Depreende-se então que, a incorporação efetiva das mulheres às forças armadas ainda não foi concluída. A ética militar, guiada por preceitos conservadores, impede que este processo avance com maior rapidez. As normas pautadas no gênero permanecem moldando a maneira com que os militares se organizam (BASHAM, 2016, p.30). Entretanto, “a experiência mostra que a integração efetiva diminui os preconceitos e promove a coesão mais efetivamente que qualquer outro fator” (PEACH, 1994, apud CARREIRAS, 2013, p.488). Outrossim, o domínio da tecnologia avançada torna os processos de sociabilidade humana de menor relevância (JENKINS-HARRIES, 2002), assim como a maior pluralidade das tarefas militares abre espaço para novas imagens de gênero.

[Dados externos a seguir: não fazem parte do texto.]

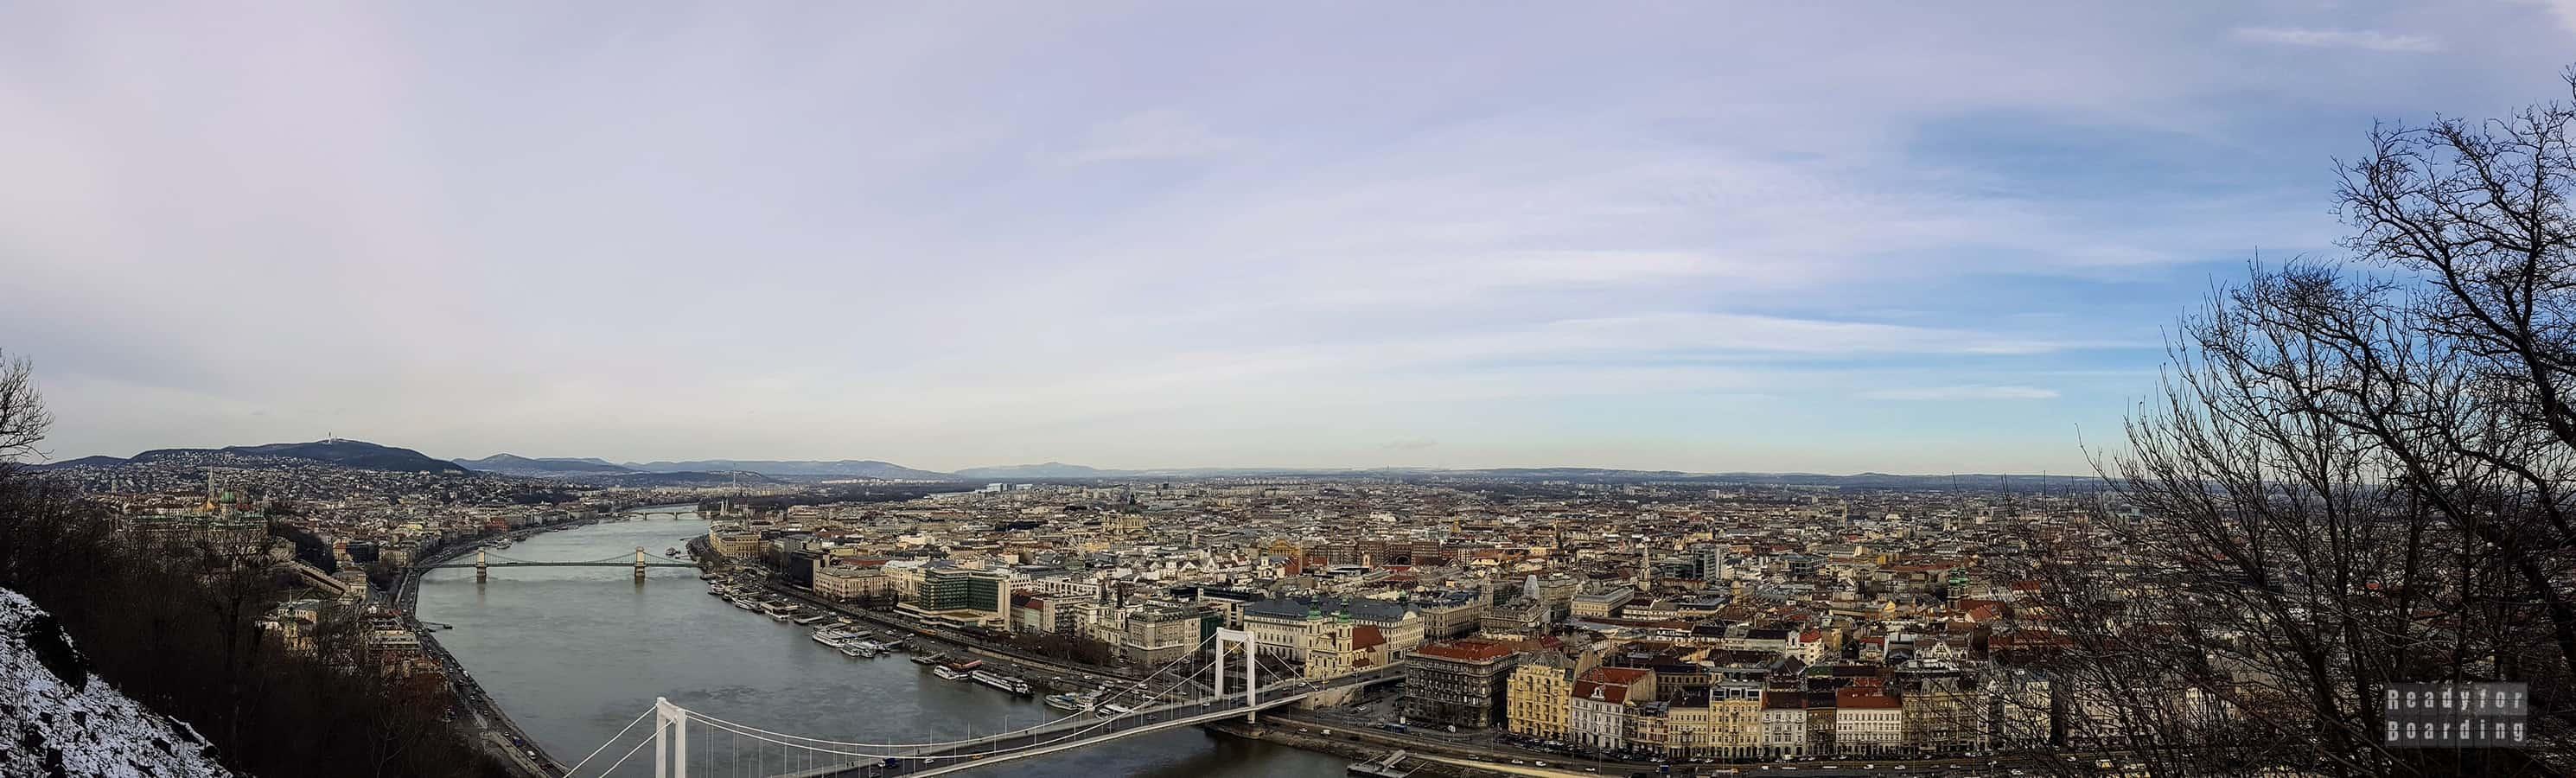 Panorama: Widok z Góry Gellerta, Budapeszt - Węgry
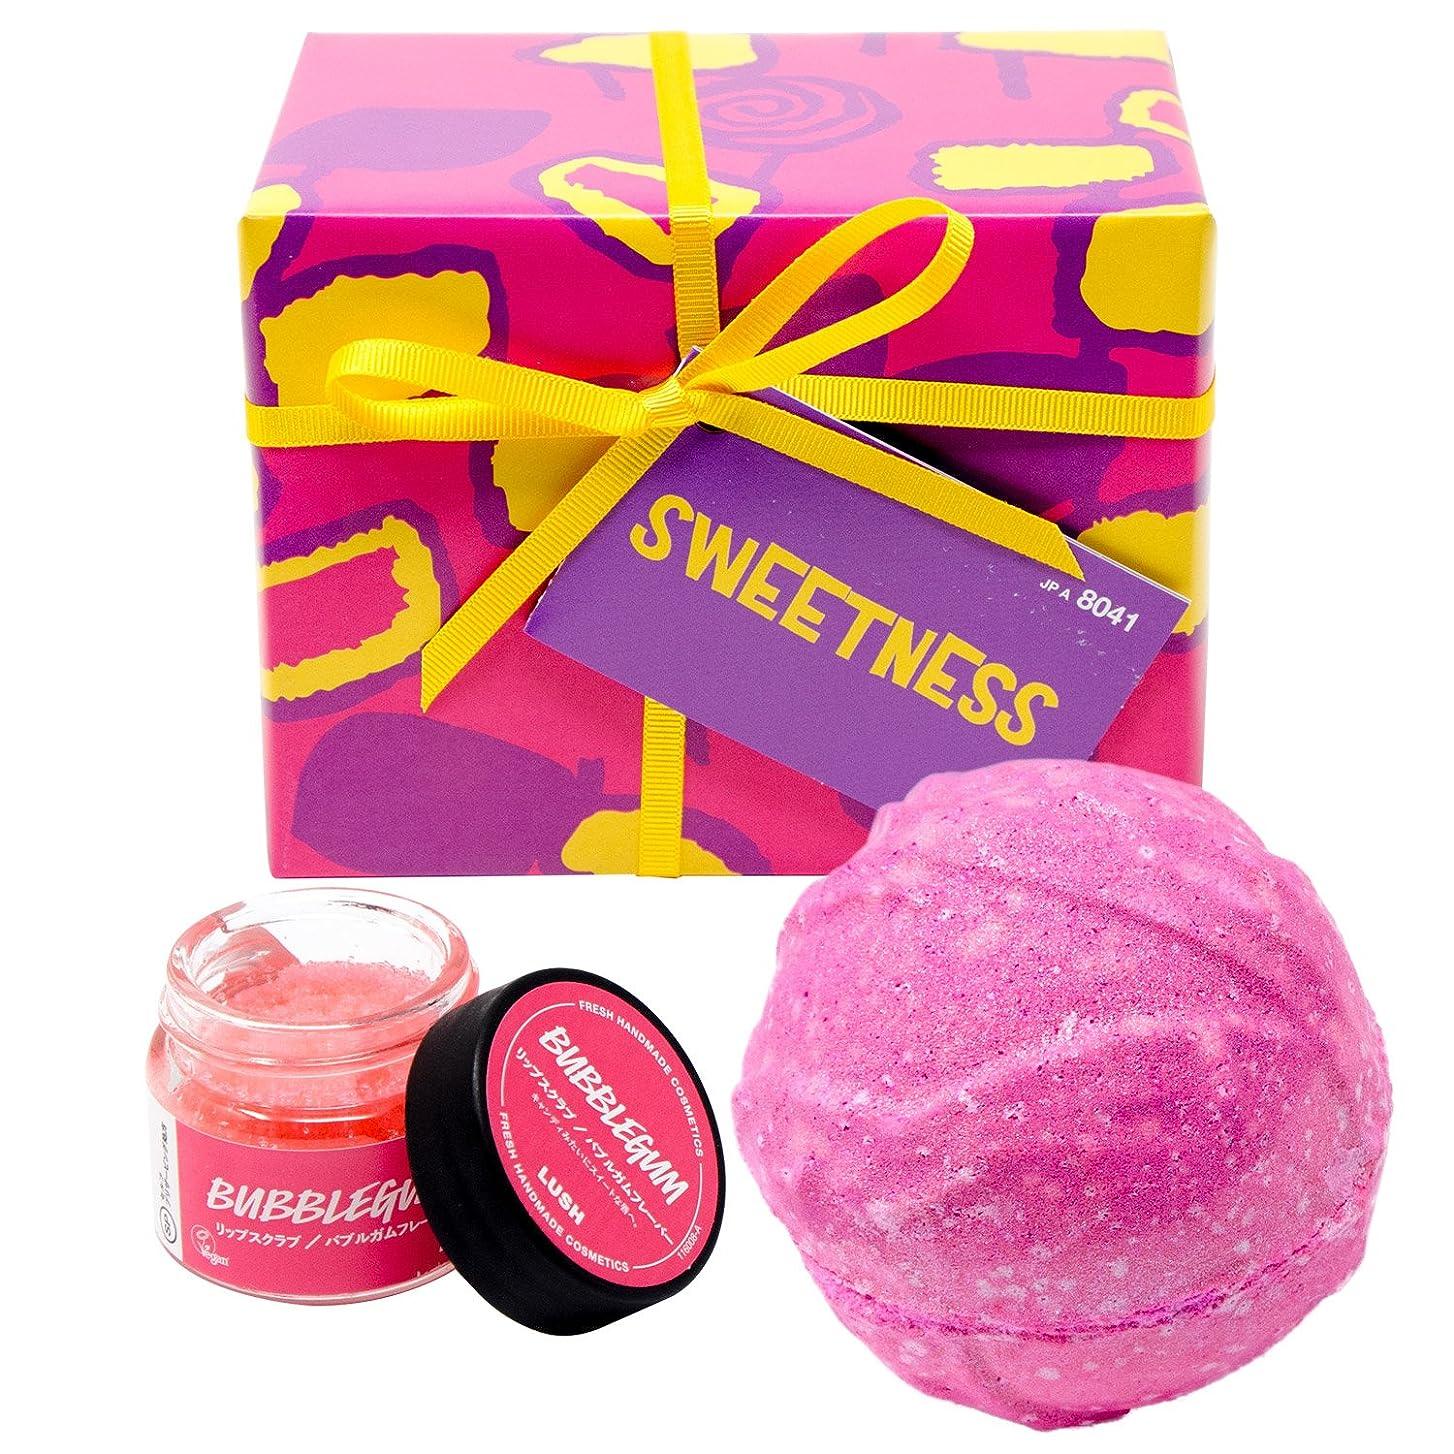 赤道取り扱い夜明け(ラッシュ) LUSH Sweetness スウィートネス ギフトセット ショップバッグ付き

10. “Military women are virtually always a minority of all the uniformed personnel on any of their country’s military bases, sometimes a very small minority. With many governments adjusting to the end of the Cold War by ending male conscription (what Americans call “the draft”), defense strategists and their legislative allies have had to devise ways to increase the numbers of women recruited into their government forces without jeopardizing the military’s valuable image as a place where a man can prove his manliness”.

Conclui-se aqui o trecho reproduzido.